Vegan Weeknight Ramen
This weeknight vegan ramen recipe is the epitome of quick and easy! Add flavor to ready-made broth and top the bowl off with your favorite ramen toppings in less than 20 minutes.
Prep Time5 minutes mins
Cook Time15 minutes mins
Total Time20 minutes mins
Keyword: Dinner, Lunch, Noodles, Ramen, Soups and stews, Vegan
Diet: VeganDiet
Skill: intermediate
Servings: 1
Calories: 429kcal
- 3 tbsp avocado oil
- 2 tbsp green onion
- 2 tsp garlic
- 2 tsp fresh ginger
- 2 cups vegetable broth
- .5 cups water
- 1 tsp aminos
- 1 pack ramen noodles
- 1 cups tofu
- 1 cups bok choy
- 1 cups spiralized carrots
- .75 cups mushrooms
- .5 cups bean sprouts
- lemongrass (optional)
Heat 1 tbsp of avocado oil in a large pot on medium-high heat
Add the green onion, garlic, lemongrass (optional) and ginger to the pot and sauté for 3-4 minutes
Add the vegetable broth, water and soy sauce and bring to a boil. Mix everything well, cover and then simmer for 10 minutes to allow the broth to absorb all the yummy flavors from the onion, garlic and ginger!
While the broth is simmering, heat 2 tbsp of avocado oil in a pan over medium heat. Add the bok choy, carrots and mushrooms and sauté for 5-6 minutes. Once done, remove from heat.
Cook the ramen per the package instructions.
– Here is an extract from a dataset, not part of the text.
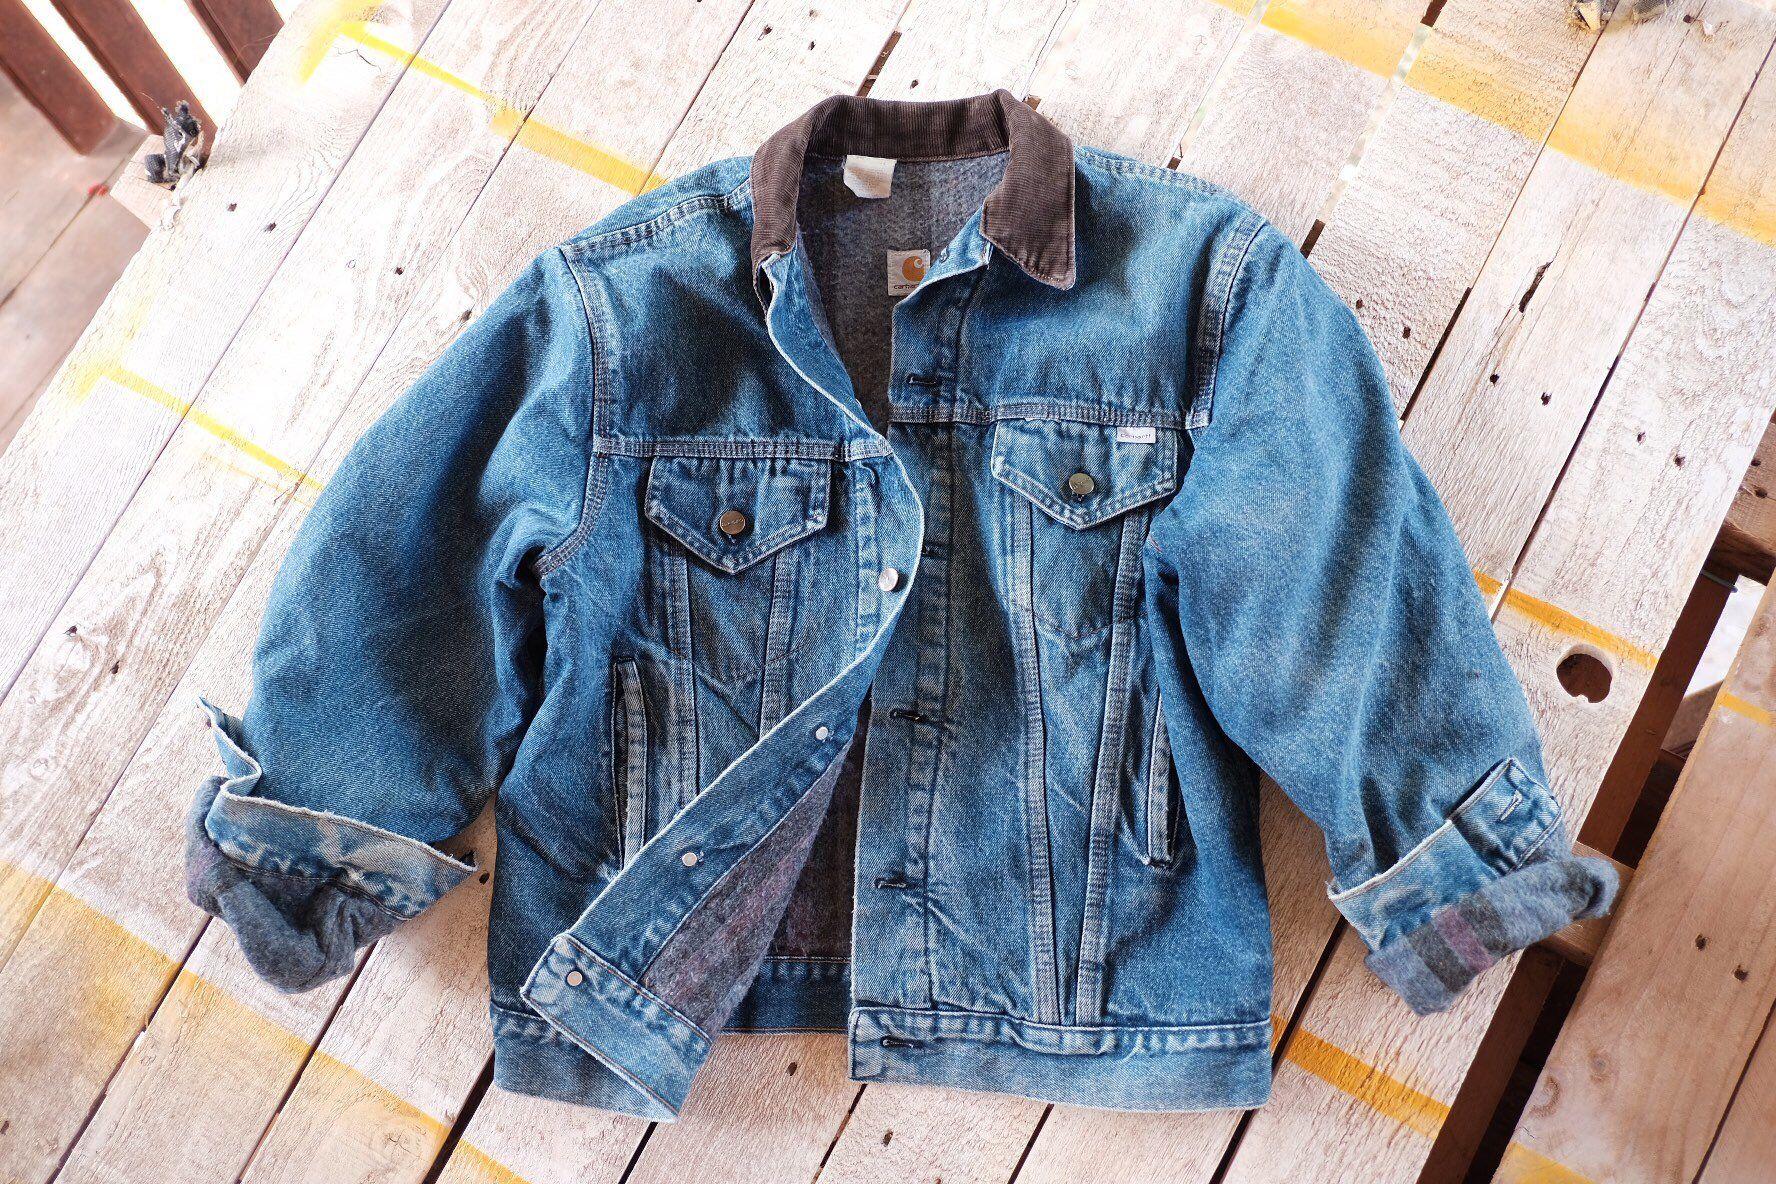 Rare Vintage Carhartt Denim Jacket Brown Corduroy Collar Etsy Carhartt Denim Jacket Carhartt Jacket Denim Jacket [ 1184 x 1776 Pixel ]
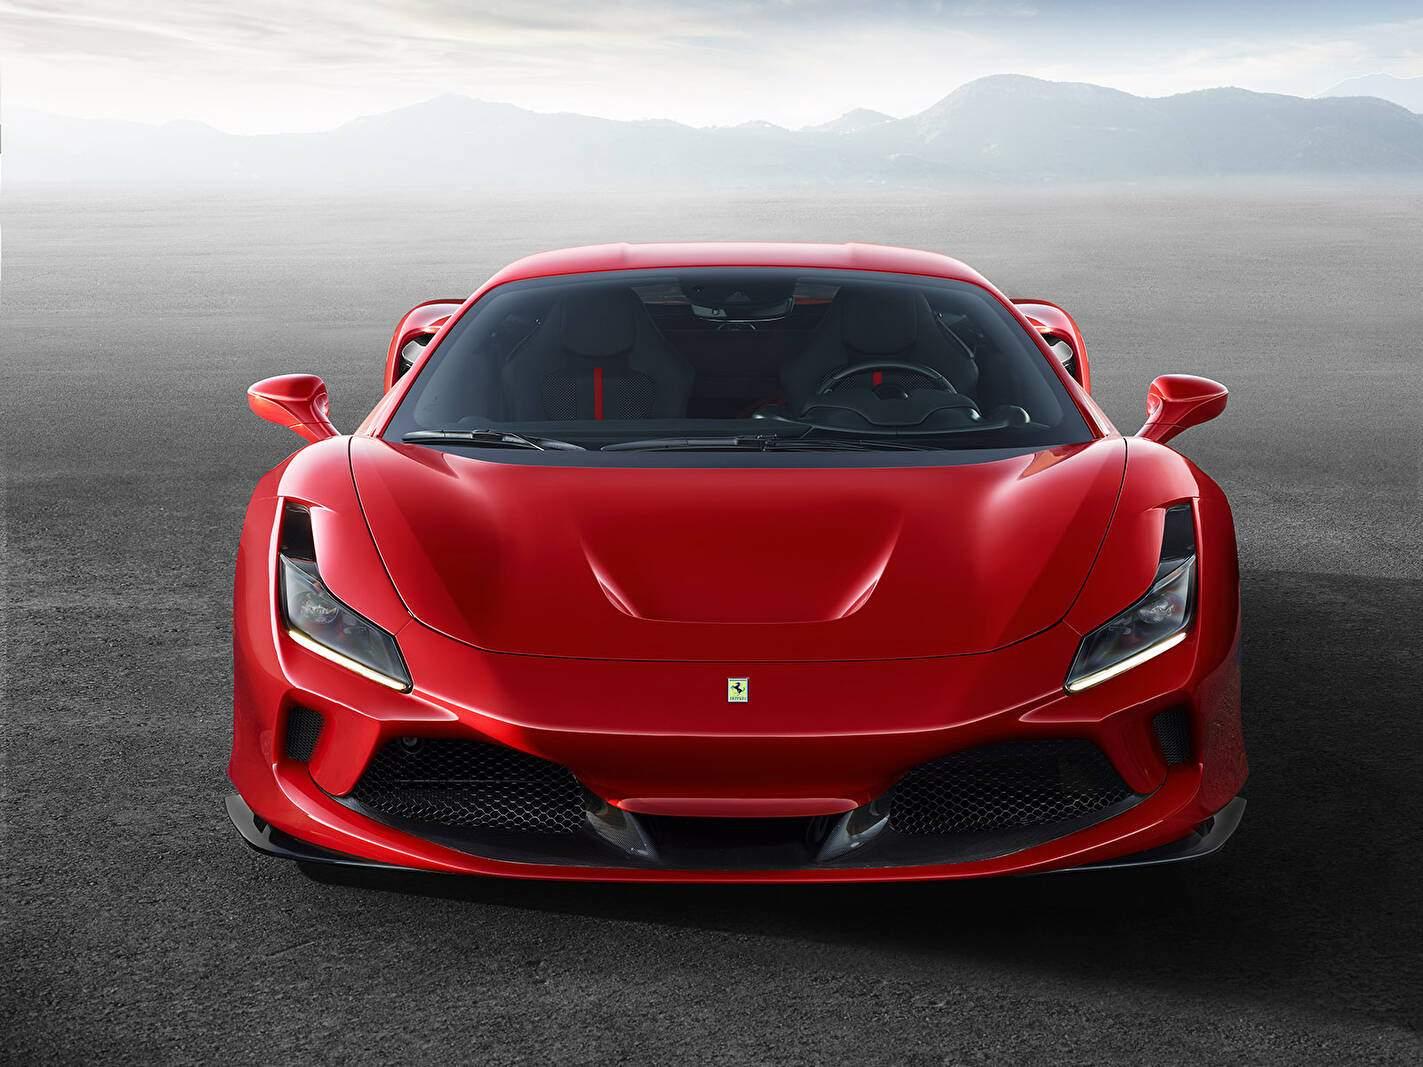 Ferrari F8 Tributo (2019),  ajouté par fox58

TIP: purchase ramen that can be cooked in the microwave for ease!
Remove all green onion, ginger and garlic pieces from the broth with a slotted spoon
Add the tofu and ramen to the broth, raise the heat and cook until noodles soft (2 minutes)
Plate your ramen and decorate your bowl with the sautéed vegetables – add bean sprouts for crunch!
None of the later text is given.